Assessing Trump’s risk if he mishandled White House documents

Assessing Trump’s risk if he mishandled White House documents

Reports of former President Donald Trump’s possible mishandling of federal documents found at his Mar-a-Lago resort have prompted legal experts this week to handicap: Could Trump be charged with a crime?

Some were quick to speculate yes, though it’s not clear a former president could be charged by the Justice Department for mishandling documents, even classified information. One former Trump adviser said it was highly possible that no criminal case would ever materialize, but added, “If I was Trump, I would be taking it seriously.” There are clear laws that protect federal records — with varying degrees of likelihood in their application.

The Presidential Records Act of 1978 outlines the ways official records should be maintained during a presidency and turned over at the end of an administration. Based on CNN’s and others’ reporting, it appears some of the requirements of the act may not have been followed during the Trump presidency. Instead, official White House records were ripped apart or flushed down toilets, and at least 15 boxes of records made their way to Mar-a-Lago. Some of the documents recovered from Mar-a-Lago in recent months contained records the National Archives believed were classified, according to The New York Times.

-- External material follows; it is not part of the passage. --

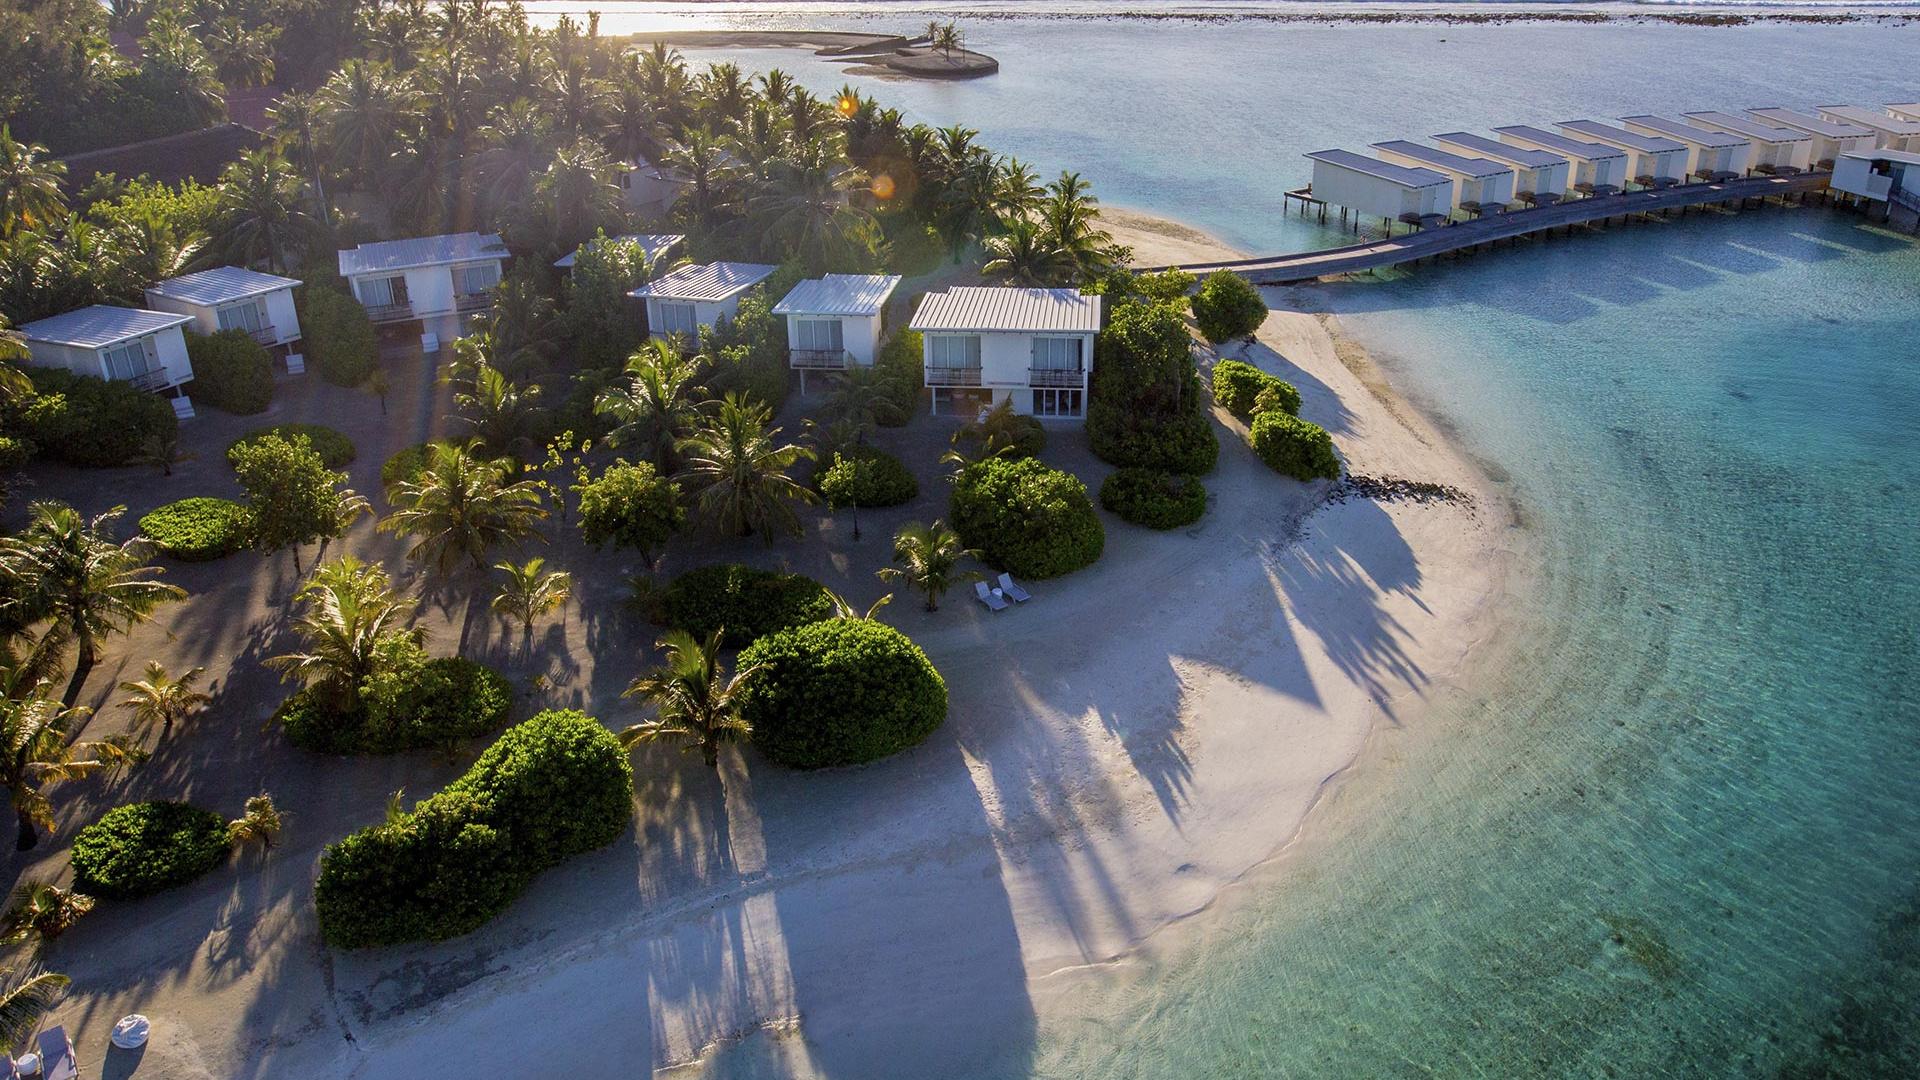 Aerial view of Holiday Inn Kandooma Resort

Legal experts tell CNN that any unauthorized retention or destruction of White House documents raises a red flag under a criminal law that prohibits the removal or destruction of official government records. But for a charge like this to fly, prosecutors would need to show that Trump had “willfully” violated the law — a high bar, though one that prosecutors could potentially meet given the frequent efforts within the White House to try to preserve records Trump would habitually mutilate.